The city of Atlanta submitted plans to fix a slew of problems with its troubled streetcar on Monday — a day ahead of a state-imposed deadline.
But it remains unclear whether those plans will pass muster with the Georgia Department of Transportation, which has threatened to shut down the streetcar over safety concerns. A GDOT spokeswoman said the agency had received Atlanta’s plans but was still reviewing them.
Earlier this month the city gave GDOT more than 2,500 pages of plans to fix 41 concerns about safety and other issues raised in recent audits. The agency gave Atlanta until Tuesday to submit plans for an additional 19 issues.
Atlanta delivered those plans Monday.
“It remains the Atlanta streetcar’s commitment to operate a safe streetcar system that is in full compliance with federal and state requirements,” city officials wrote in a letter accompanying the plans submitted Monday.
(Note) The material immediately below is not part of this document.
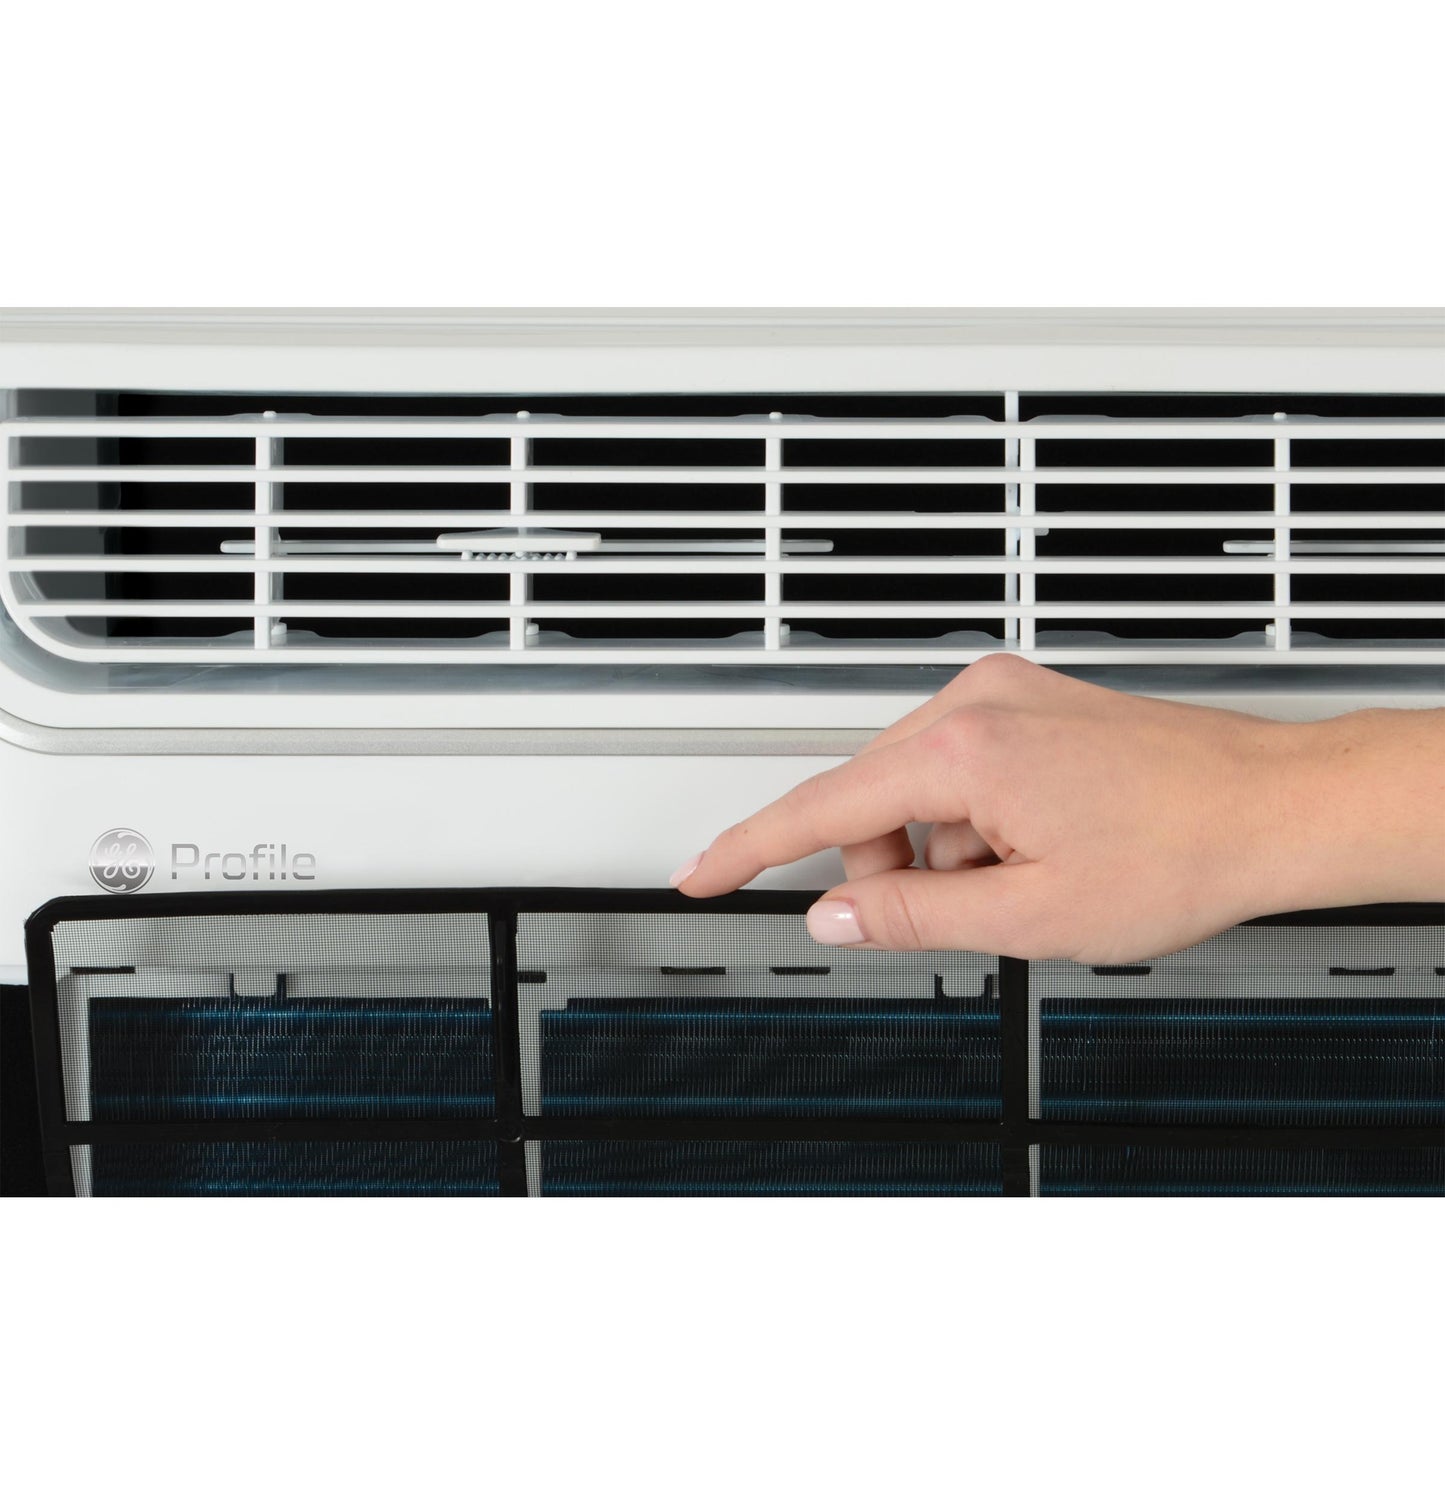 Ge Appliances AHTR14AC Ge Profile&#8482; 13,500 Btu Inverter Smart Ultra Quiet Window Air Conditioner For Large Rooms Up To 700 Sq. Ft., Energy Star®

GDOT and the Federal Transportation Administration have been sounding the alarm about the $98 million streetcar for months. The problems include poor maintenance procedures, inadequate staffing and a failure to properly investigate accidents.
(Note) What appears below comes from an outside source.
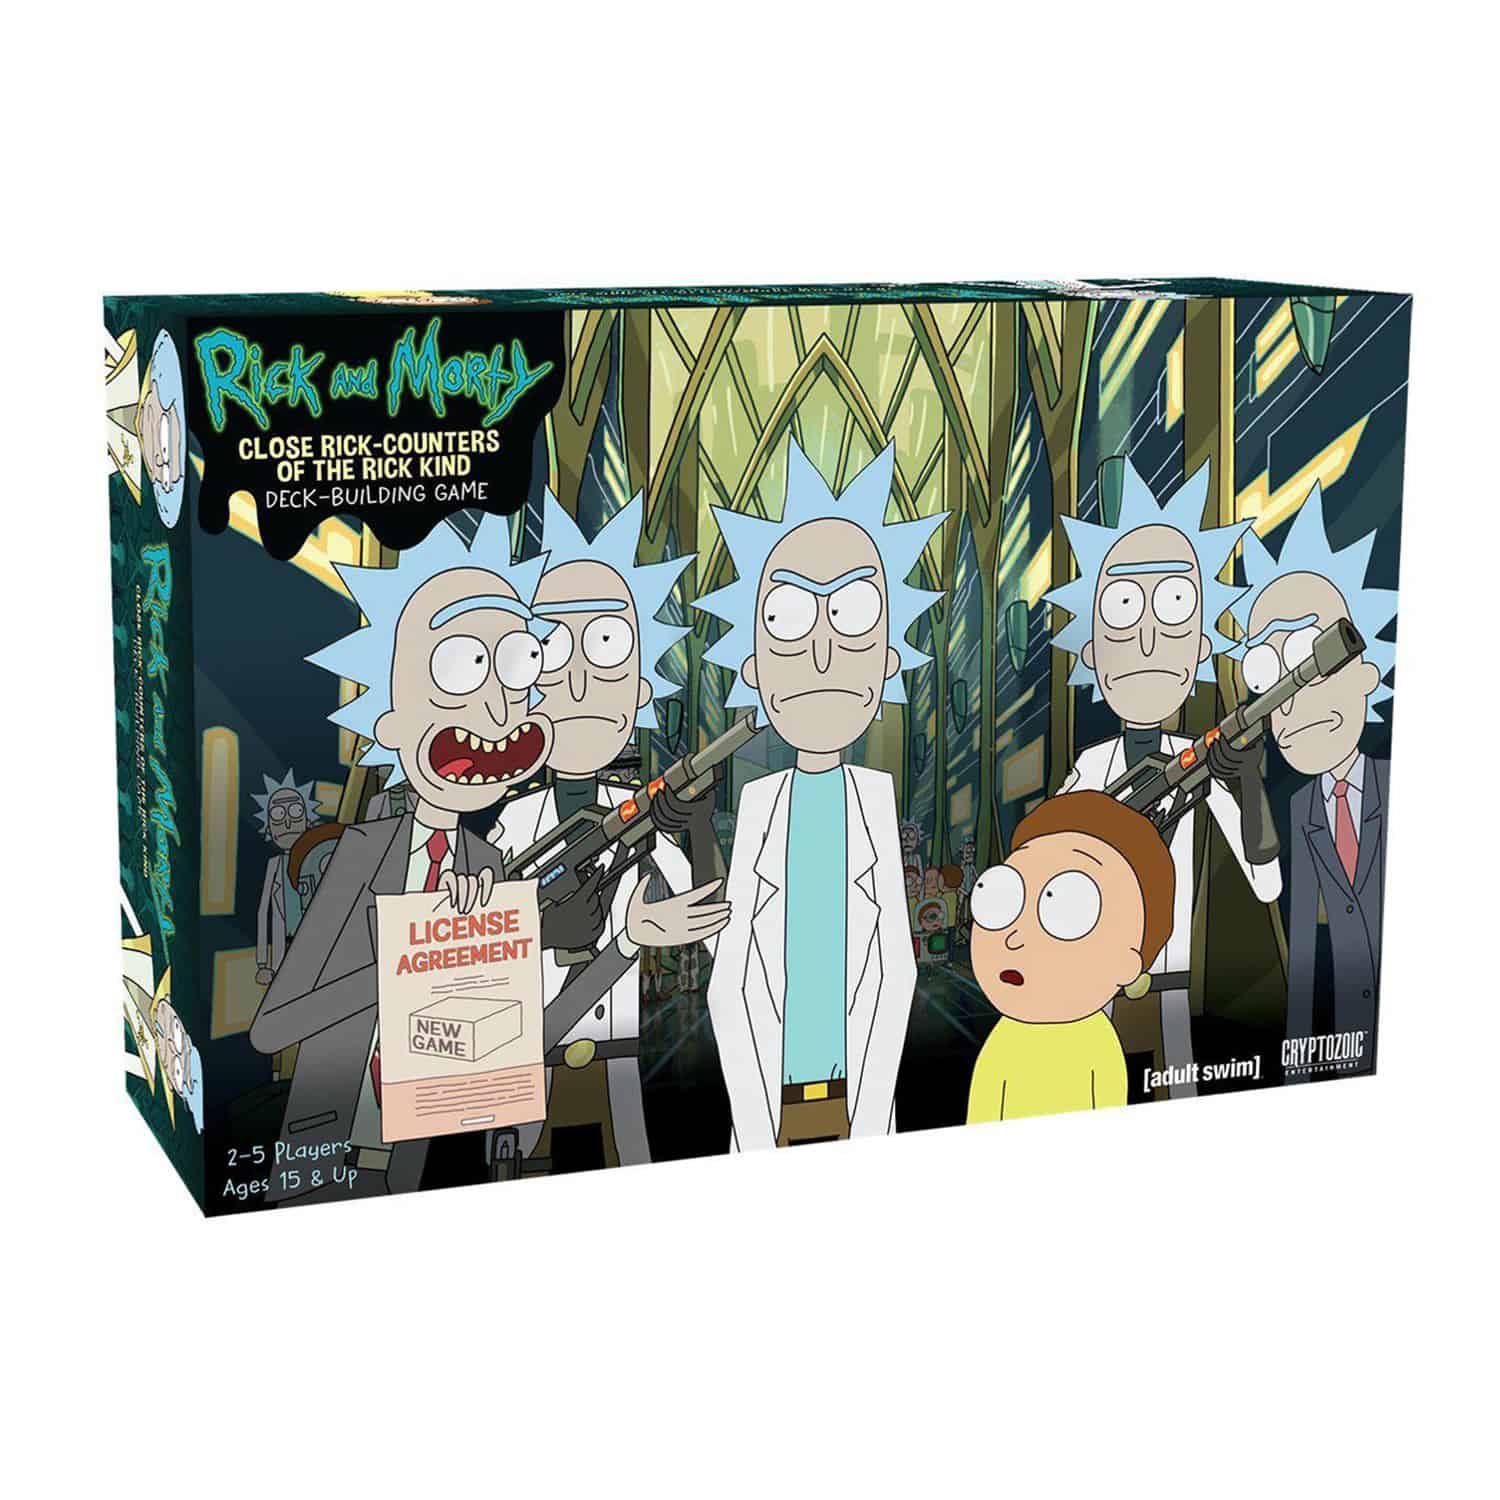 Rick and Morty - Deck Building Game

Last month, GDOT Commissioner Russell McMurry expressed the agency’s displeasure at Atlanta’s response, saying the city had failed to “provide timely, substantive and compliant responses to deficiencies” identified by auditors. He threatened to shut down the streetcar unless the city submitted adequate plans to address the problems.
Atlanta officials have repeatedly said the streetcar is safe. On Monday, Mayor Kasim Reed said the streetcar will be a long-term benefit for the city, in much the same way of other sweeping projects, such as the construction of Ga. 400.
Reed said he was confident the system would be seen as the foundation of a bustling new transit line in the heart of the city.
“The streetcar is always a long-term play. The streetcar is always a linchpin,” Reed said. “It’s part of a line. It’s not a train to nowhere, it’s a train for future lines. And you’re going to see some pretty big announcements that are going to push back on the notion of a streetcar that’s going nowhere.”
Gov. Nathan Deal said Monday that the state stepped in because, if not, federal transportation officials might intervene. The streetcar opened in December 2014 thanks in part to a $47 million federal grant that funded about half the system’s initial cost
“I feel confident that we will work out the details,” Deal said. “I just didn’t want the federal government threatening to cut off Georgia’s transportation project.”
At an Atlanta Journal-Constitution editorial board meeting last week, MARTA Chief Executive Keith Parker said he’s confident that the fixes will instill “more confidence” in the system, and he said Atlanta is “making all the right choices” in laying out a future expansion of the streetcar.
The city last week voted to approve a referendum that would hike the city’s sales tax by a half-penny to raise $2.5 billion for transit. Along with fueling an expansion of MARTA’s heavy-rail network, it could also fund an extension of the streetcar up the Atlanta Beltline.
MARTA Board Chairman Robbie Ashe said the transit agency also learned another important lesson from the streetcar’s struggles. Expect the next round of plans to include a separate transit-only lane for the blue cars.
“Dedicated right of ways are important so you’re not running a train that has the opportunity to be stuck behind a car,” he said.